Iran will execute four more people involved in civil unrest following the murder of Mahsa Amini by the nation’s police. The latest sentences bring to 18 the official total of detainees condemned to death in connection with protests. But the UN says Iran is ‘weaponising’ the executions to spread fear through its population.
More executions
Mizan Online, the website of Iran’s judiciary, reported that courts have sentenced Saleh Mirhashemi, Majid Kazemi and Saeed Yaghoubi to death. Police charged them for involvement in the deaths of three of Iran’s Basij security forces members on 16 November. They were condemned with moharebeh, or waging ‘war against God’. The website also said that courts gave two further people jail terms in connection with the same incident.
More recently, Mizan Online also reported that Javad Rouhi was sentenced to death on charges of “corruption on Earth”. Rouhi was found guilty of “leading a group of rioters”, “inciting people to create insecurity”, as well as of “apostasy by desecration of the Koran by burning it”, Mizan Online reported.
He was also found guilty of “setting fire to and destroying property in a way that causes severe disruption to the country’s public order and security”, it added.
All of the sentenced prisoners can still appeal their respective verdicts.
Norway’s Center for Human Rights in Iran (CHRI) group said on 9 January that the protests have led to the deaths of 481 protesters, including 64 minors, since the unrest began.
“State-sanctioned killing”
The UN has outright condemned the Iranian state’s executions.
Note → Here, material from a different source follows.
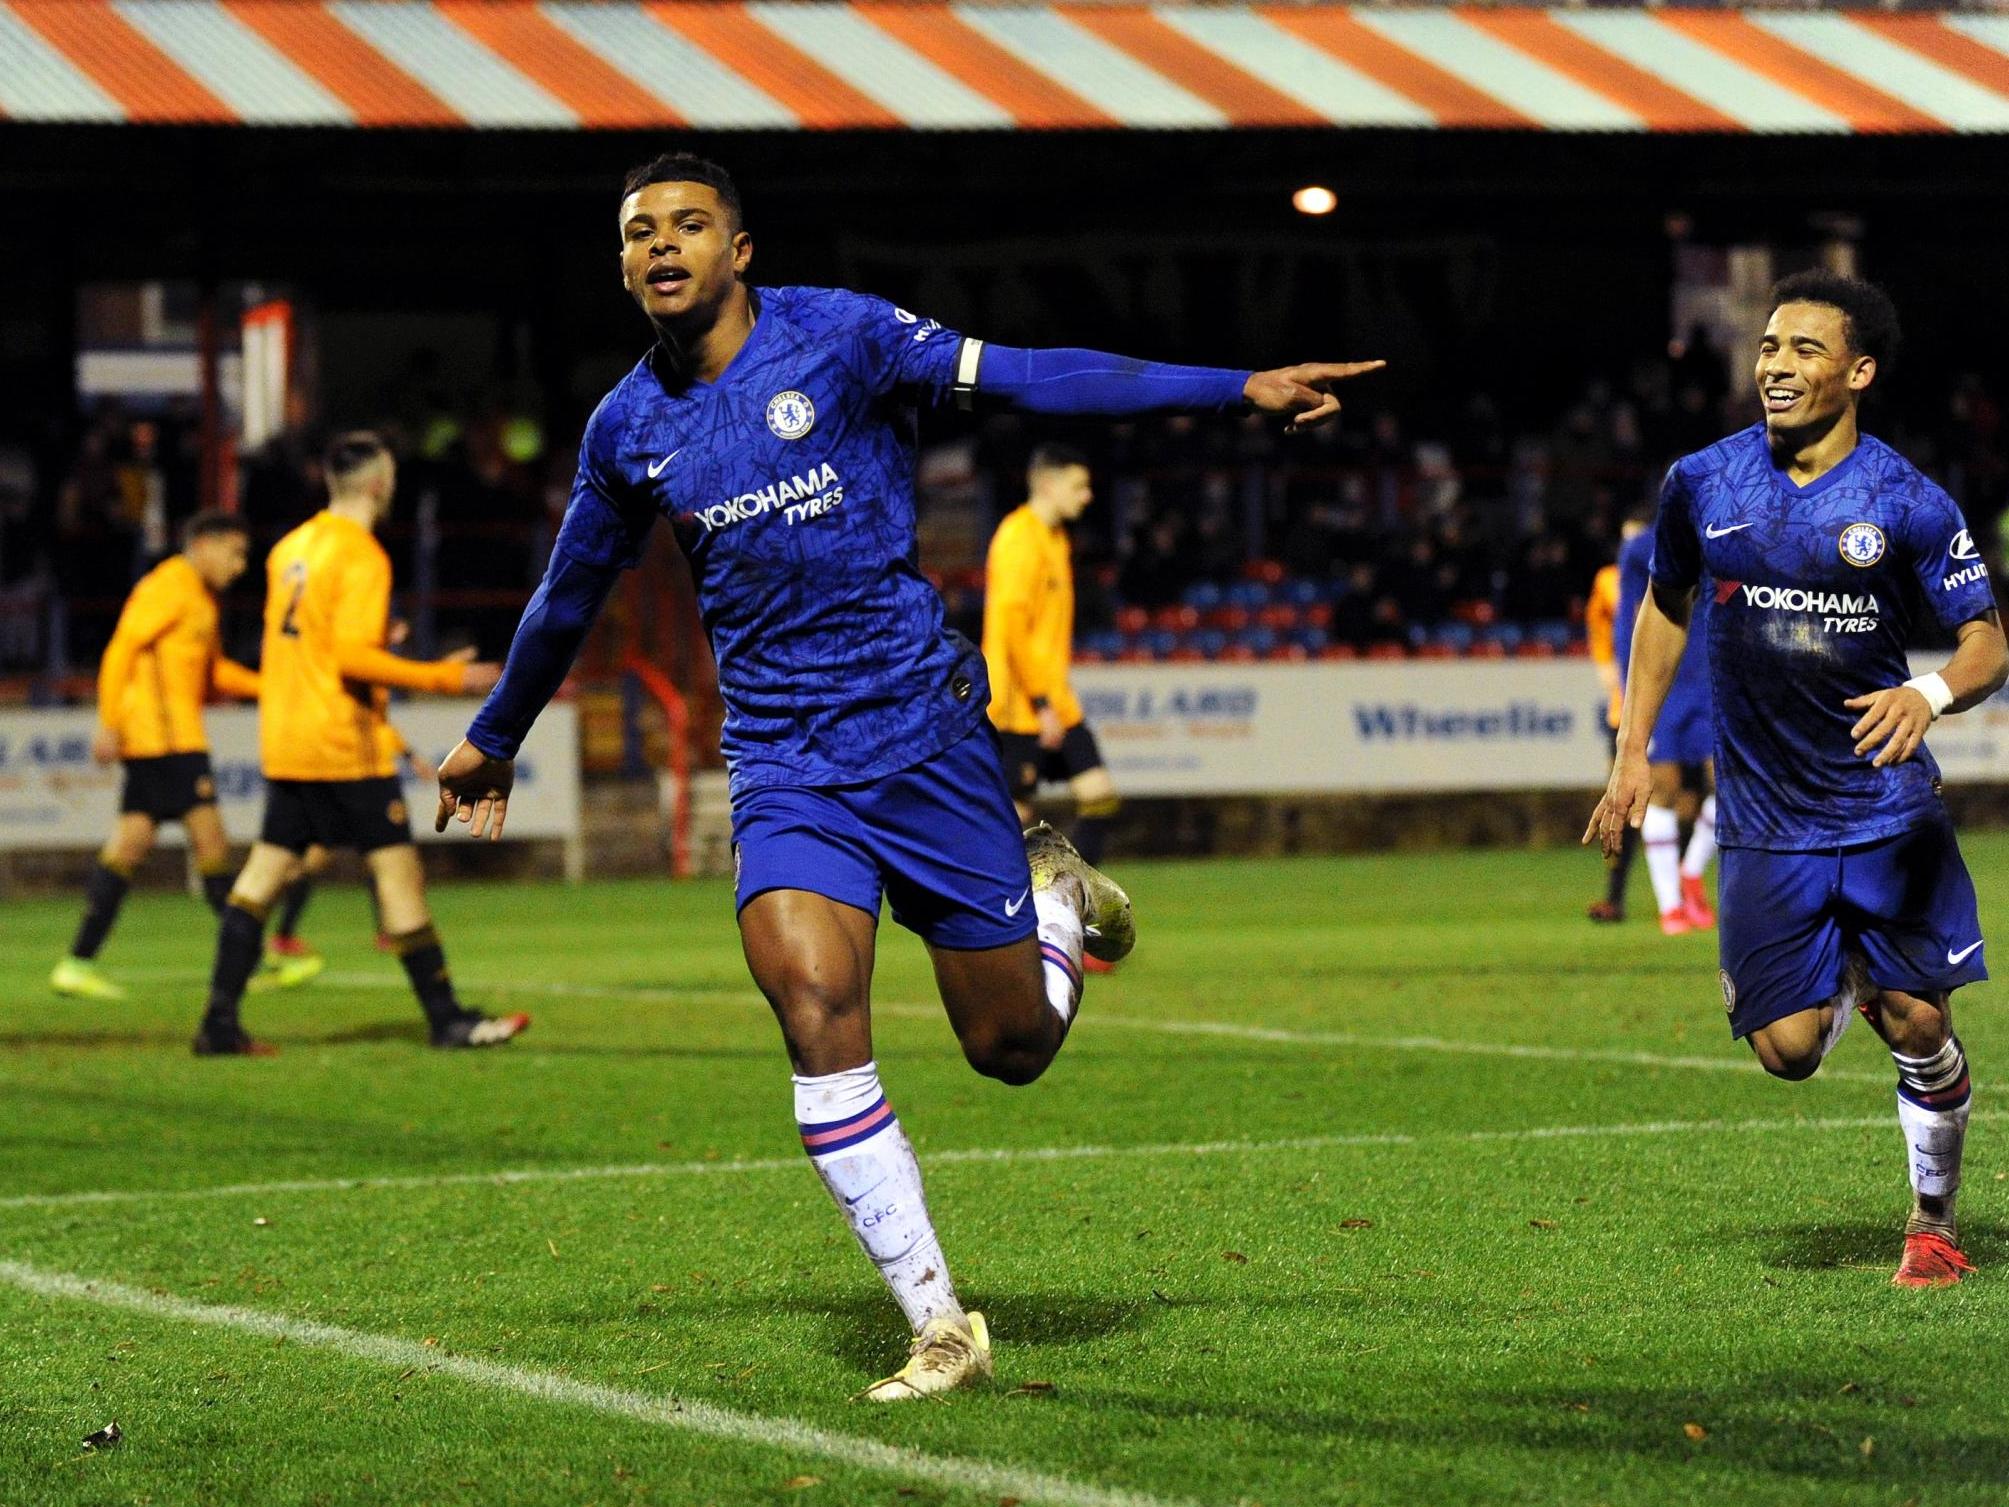 Tino Anjorin celebrates after scoring against Wolves in the FA Youth Cup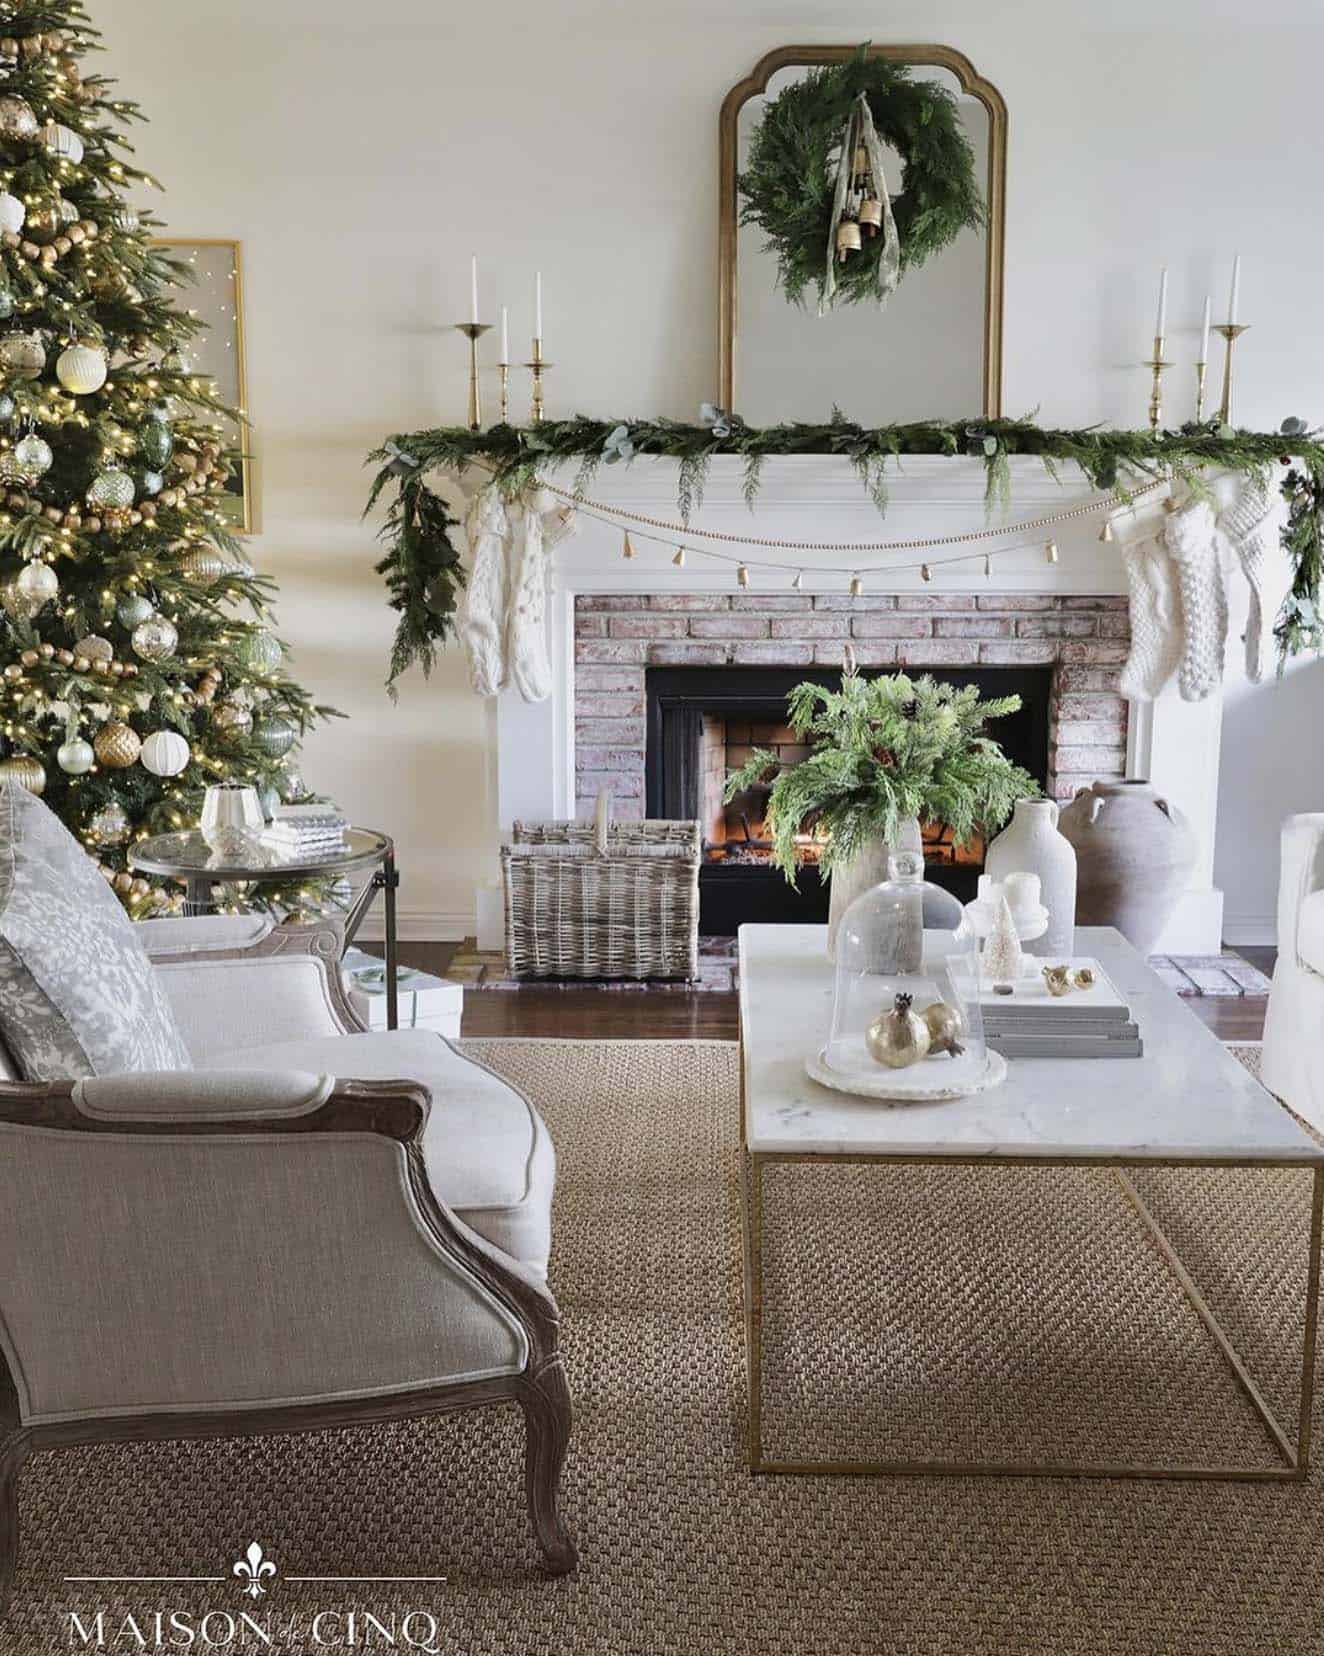 French-inspired Christmas in the living room with a tree and garland on the fireplace mantel

UN rights chief Volker Turk’s office said:
Criminal proceedings and the death penalty are being weaponised by the Iranian government to punish individuals participating in protests and to strike fear into the population so as to stamp out dissent, in violation of international human rights law.
The weaponisation of criminal procedures to punish people for exercising their basic rights – such as those participating in or organising demonstrations – amounts to state-sanctioned killing.
Meanwhile, Iranian leader Ayatollah Ali Khamenei described the protests as “treason”, adding:
the responsible institutions deal with treason seriously and justly.
But Turk disagreed. He said:
The government of Iran would better serve its interests and those of its people by listening to their grievances, and by undertaking the legal and policy reforms necessary to ensure respect for diversity of opinion, the rights to freedom of expression and assembly, and the full respect and protection of the rights of women in all areas of life.
Forced confessions
Protesters gathered outside a prison in the northern city of Karaj on 8 January. They gathered after reports that two inmates had been transferred to solitary confinement ahead of their execution, according to several international rights groups.
Protest monitor 1500tasvir said a crowd, including the mother of death-row inmate Mohammad Ghobadlou, demonstrated in front of Gohardasht prison. They were trying to “to save the lives” of him and another prisoner, Mohammad Boroghani. Courts convicted both of attacks on security forces and then rejected their appeals.
The UN human rights office said on 9 January it was “seriously concerned at news of imminent execution” of the two men. Other rights groups have also accused Iran of extracting forced confessions and denying due legal process to the thousands of people arrested.
According to London-based rights group Amnesty International, Iran is second only to China in its use of executions. It killed at least 314 people in 2021.